Continuazione della campagna

Settore britannico

Nei giorni seguenti l’invasione, nel settore est, i britannici dovettero fronteggiare diversi contrattacchi tedeschi, resistendo con tenacia. Uno di questi contrattacchi fu uno scontro tra carri armati avvenuto presso Villers-Bocage dove poche decine di carri tedeschi sconfissero dei reparti inglesi supportati da duecento carri armati. Le perdite però furono in proporzione più pesanti per i tedeschi benché fossero minori di quelle subite dalla controparte britannica. Nello scontro l’intero villaggio fu raso al suolo.

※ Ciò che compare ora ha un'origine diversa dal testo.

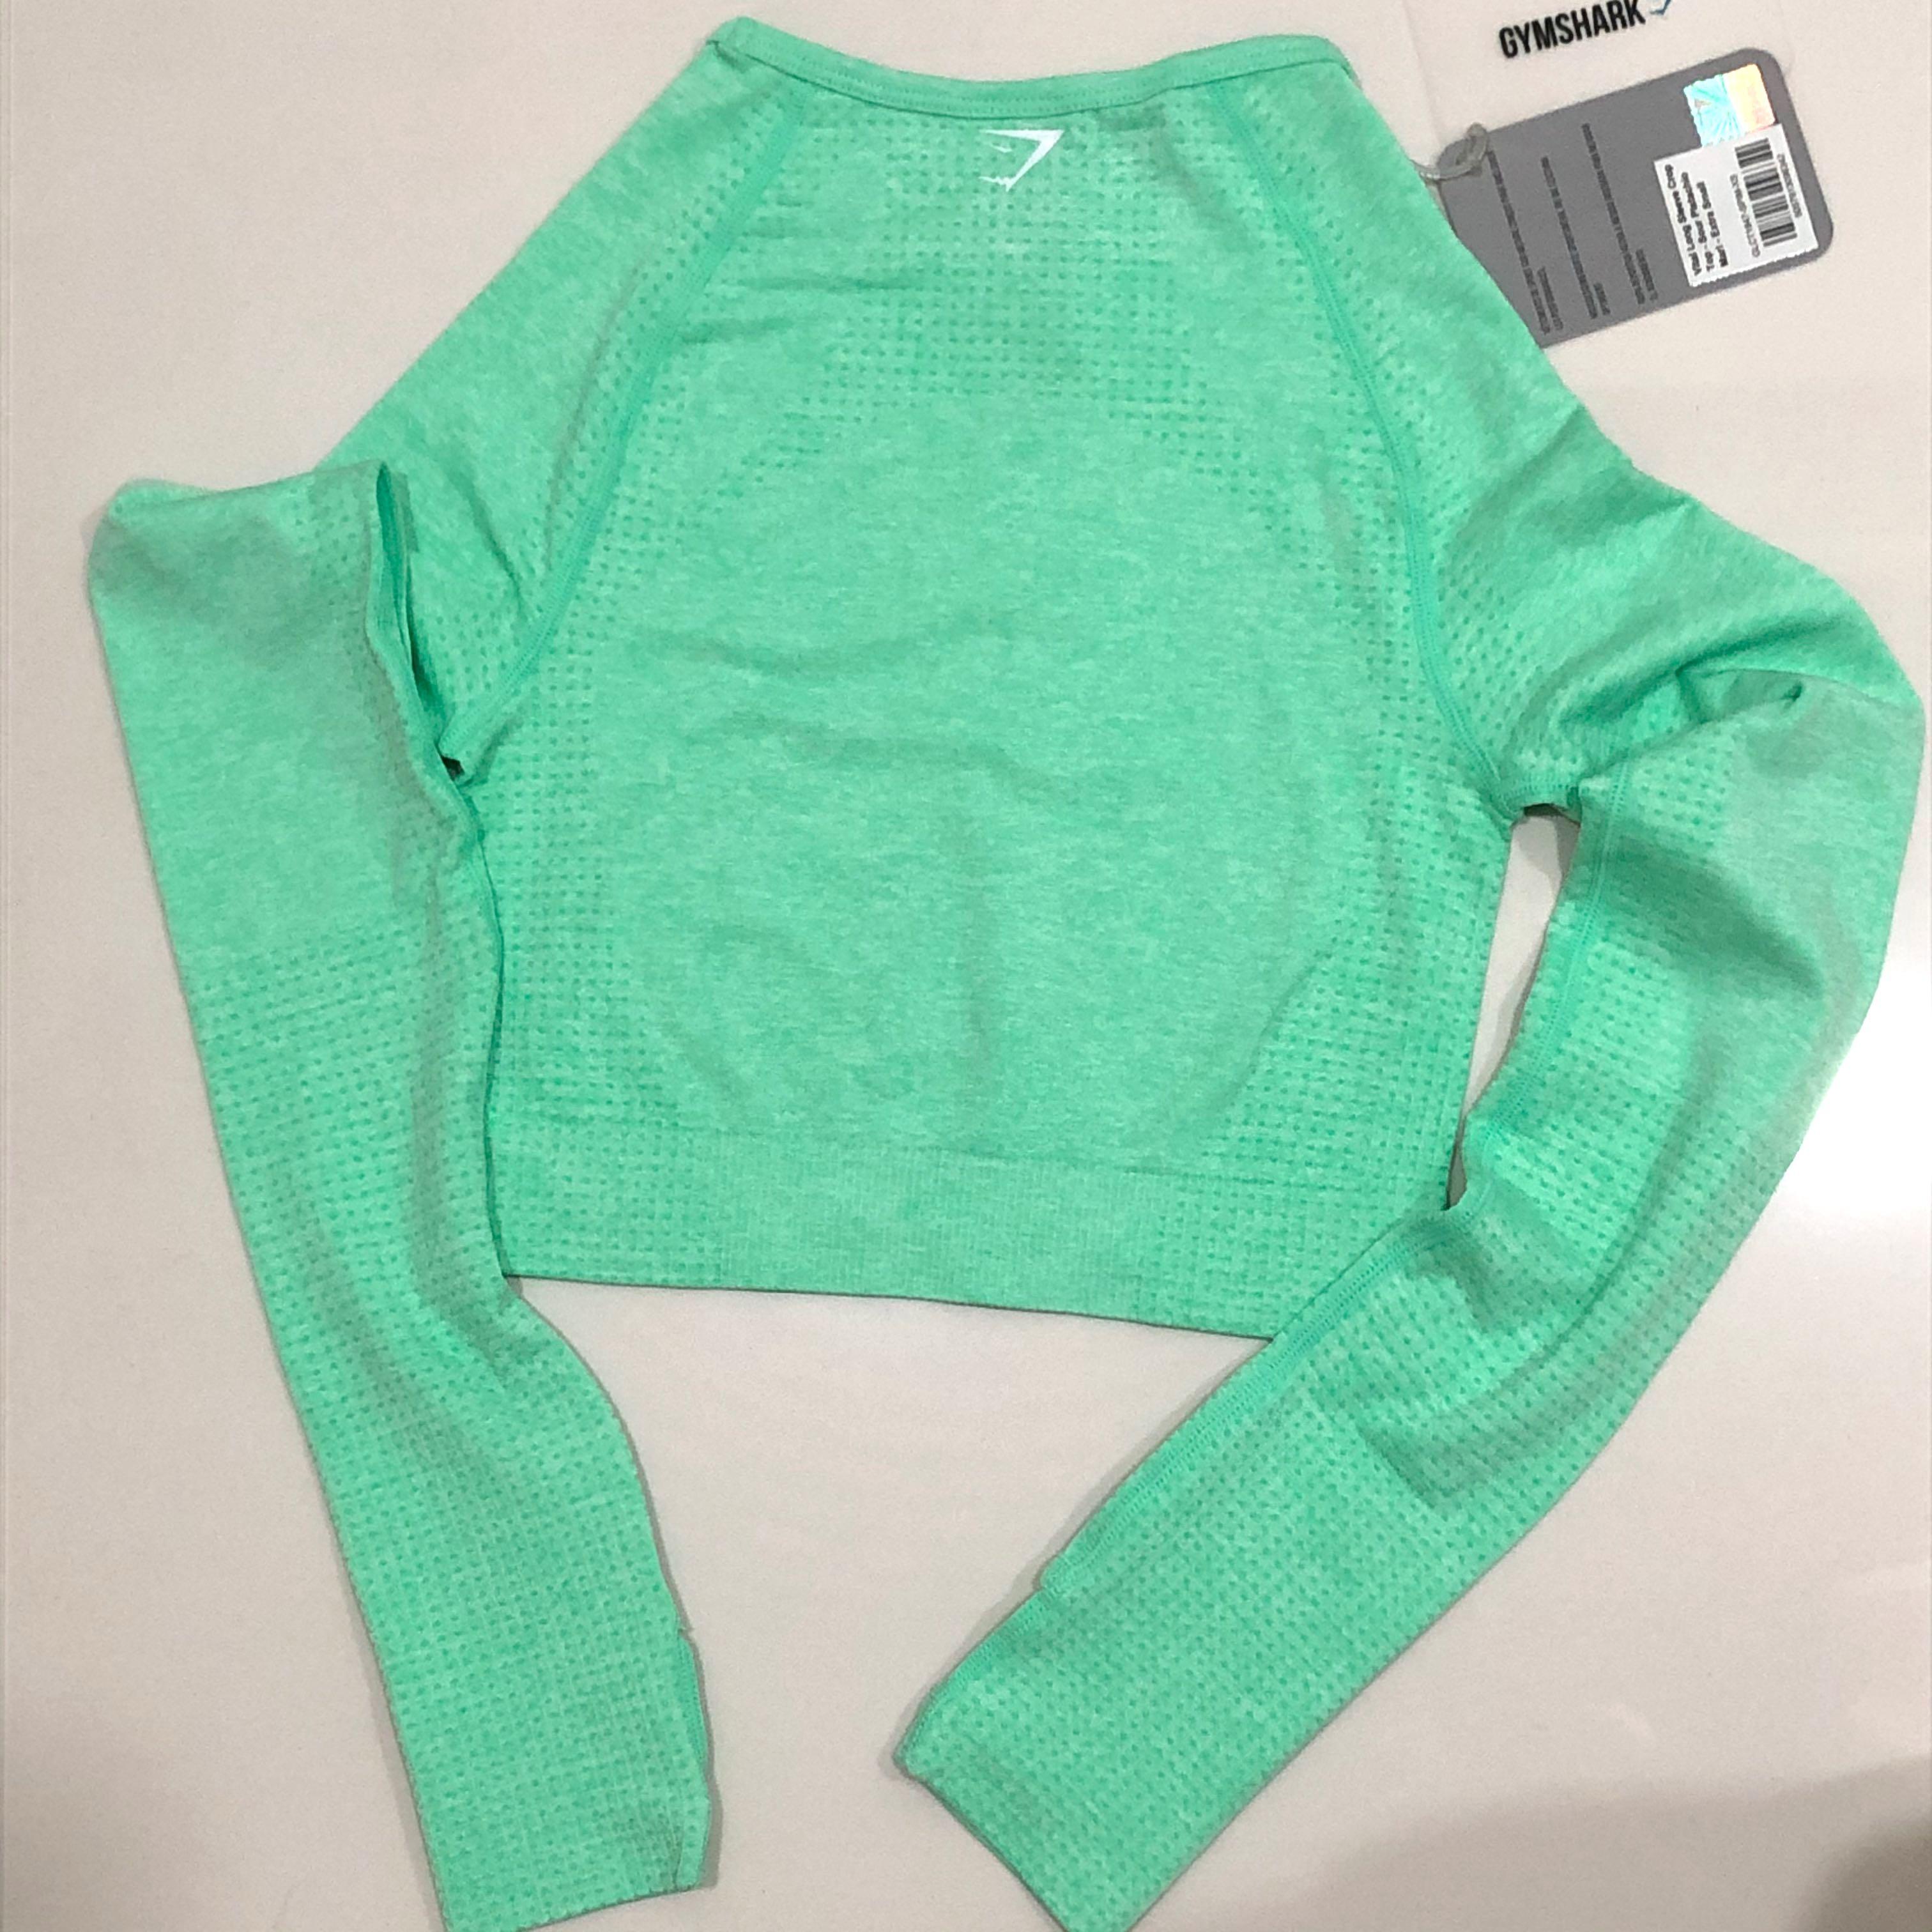 Gymshark Vital Seamless Long Sleeve Crop Top - Sour Pistachio Marl XS Extra  Small, Women's Fashion, Activewear on Carousell

Uno dei problemi significativi per gli alleati era la presenza dei tedeschi a Caen, punto di estrema importanza strategica. Sin dal 6 giugno la città era uno dei bersagli delle truppe inglesi e sin da tale giorno i tedeschi si opposero con fermezza al nemico. Verso la fine di giugno i britannici diedero inizio all’operazione Epsom, una delle tante per conquistare la città. Neppure questa volta l’obiettivo venne raggiunto e gli alleati dovettero attendere fino a metà luglio per avere tale soddisfazione.

Settore statunitense

Una delle prime città francesi a essere liberate dall’occupazione nazista fu proprio Carentan, situata tra Utah e Omaha Beach. A conquistare la città venne inviata una delle due divisioni paracadutiste americane presenti in Normandia. Nei giorni seguenti l’inizio dell’invasione, la divisione paracadutista venne inviata verso la città respingendo i tedeschi presenti. Questi ultimi dovettero ritirarsi per mancanza di munizioni ma, non appena giunsero i rifornimenti e i rinforzi, passarono al contrattacco. La vittoria fu degli alleati solo dopo l’intervento delle unità corazzate americane che evitarono ai paracadutisti la disfatta.

Ottenuta Carentan gli americani proseguirono verso ovest dividendo in due la penisola del Cotentin, per procedere poi verso nord, diretti su Cherbourg. Essendo una città portuale, essa era di estrema importanza per sostenere l’invasione, rendendola una degli obiettivi principali per gli alleati. Dopo diversi giorni di battaglia le divisioni americane occuparono la città e rivolsero poi la loro attenzione verso il resto della Francia.

Analisi e conseguenze

Alla fine di giugno del 1944, gli alleati erano riusciti, con diverse difficoltà ma grazie anche al completo dominio dell’aria e a un’accurata organizzazione logistica, a conquistare una salda testa di ponte nel nord della Francia. Da lì sarebbero riusciti poi ad attaccare la Germania stessa, passando attraverso la conquista della Bretagna (battaglia di Brest) e di Caen (operazione Charnwood e operazione Goodwood), lo sbarco nel Sud del paese (Operazione Dragoon), la sacca di Falaise e la liberazione di Parigi. Un secondo fronte (oltre al fronte italiano) avrebbe ridotto la pressione sui sovietici, a est, e permesso di concludere la guerra in Europa più rapidamente e con esiti più positivi per gli anglo-americani. In questo modo, oltre a sconfiggere i tedeschi direttamente sul loro suolo, avrebbero potuto in futuro fronteggiare direttamente l’emergente superpotenza sovietica.